Selina Robinson corporate and union donations
Selina Robinson, Minister of Municipal Affairs and Housing - Photo via gov.bc.ca

The government of British Columbia has made another move to tame its reputation as the “Wild West” of political donations with the introduction of municipal campaign finance reforms.

The legislation would ban corporate and union donations, put limits on individual contributions and ban out-of-province donations at the local level.

Contributions for the election campaign of a candidate or elector organization will be limited to $1,200 per donor per year. One donor’s total contributions to the election campaign for an elector organization and all of its endorsed candidates cannot exceed this amount. These changes follow the approach of the proposed provincial Election Amendment Act.

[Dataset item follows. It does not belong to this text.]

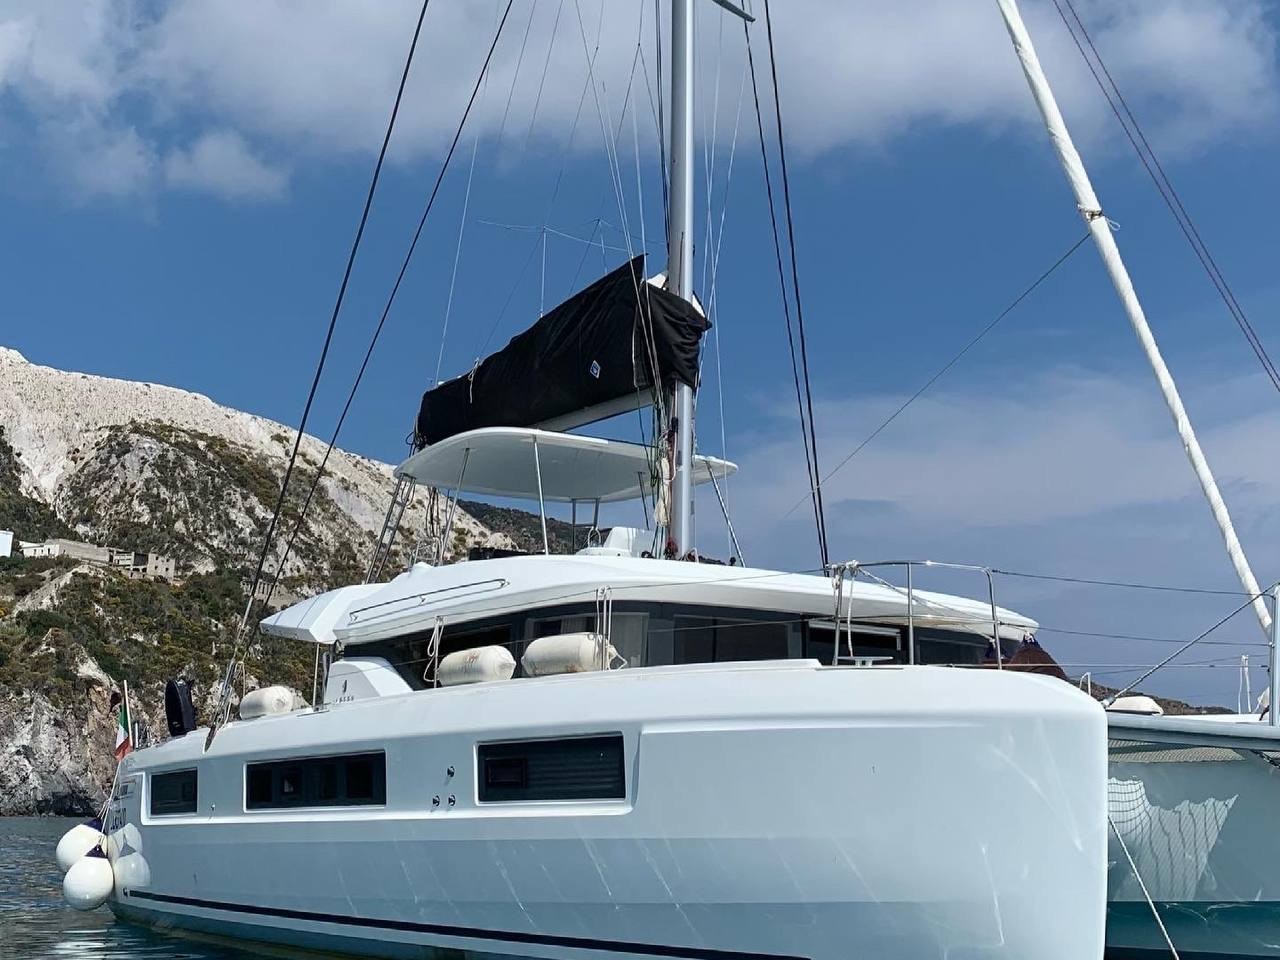 Lagoon 50 - Luxury yacht charter Sicily & Boat hire in Italy Sicily Aeolian Islands Capo d'Orlando Capo d'Orlando Marina 2
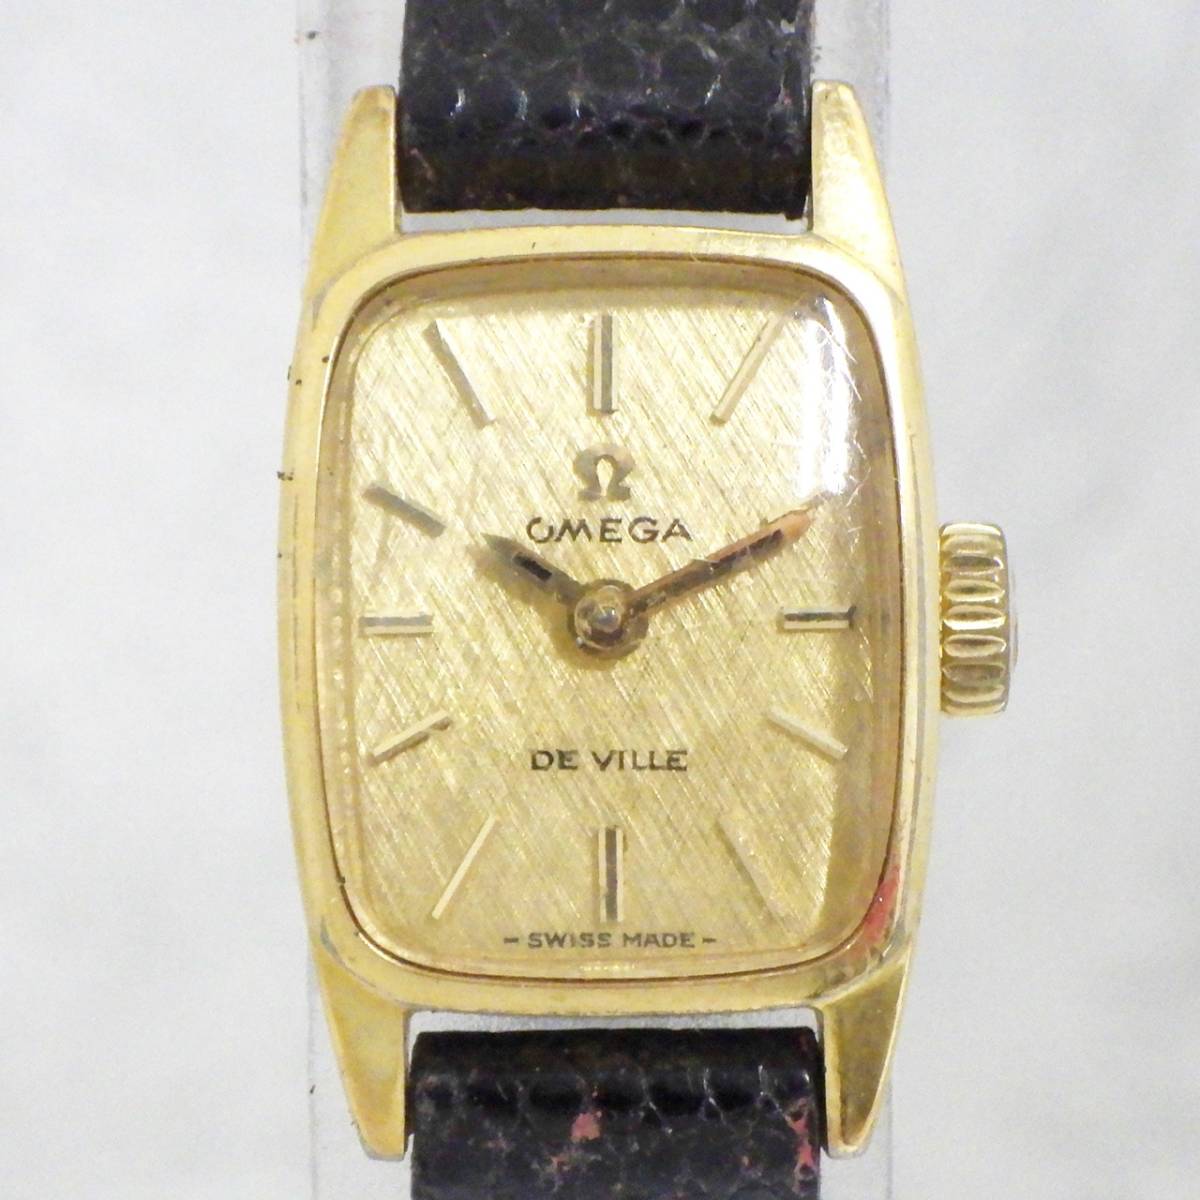 01 00-588930-96 [Y] OMEGA オメガ DE VILLE デビル 手巻き 腕時計 レディース ゴールドカラー 札00_画像1

Amendments to Take Effect in 2018

The amendments will apply to all local elections starting with the 2018 general local elections and any byelections thereafter, including campaigns for councillors, mayors, electoral area directors and school trustees.

Once passed, the changes will be retroactive to Oct. 31, 2017, the day after the first reading of the legislation. To allow candidates to transition to the new campaign financing framework, contributions allowed under the former rules and received before Oct. 31, 2017, may be used for the 2018 general local elections.

The proposed amendments to the Local Elections Campaign Financing Act follow consultations with key stakeholders such as Elections BC and UBCM, which represents B.C.’s 189 local governments and the Islands Trust.

Oak Bay Mayor Supportive

Oak Bay Mayor corporate and union donations
Oak Bay Mayor Nils Jensen Photo via news.gov.bc.ca

“With this legislation, people can be confident that their local and provincial governments will be working for all voters, not just those able to write the largest cheques,” said Selina Robinson, Minister of Municipal Affairs and Housing. “These amendments will make sure that democracy at the local level works for everyone, not just a select few.”

“Elected officials have the privilege and responsibility of representing their citizens, and this legislation helps ensure that campaigning for public office is conducted fairly,” said Nils Jensen, mayor of Oak Bay. “The District of Oak Bay has strongly advocated for local elections campaign financing reform. We appreciate Minister Robinson bringing this forward in such a timely fashion. It’s clearly in the best interest of candidates and the public—and it’s the right thing to do.”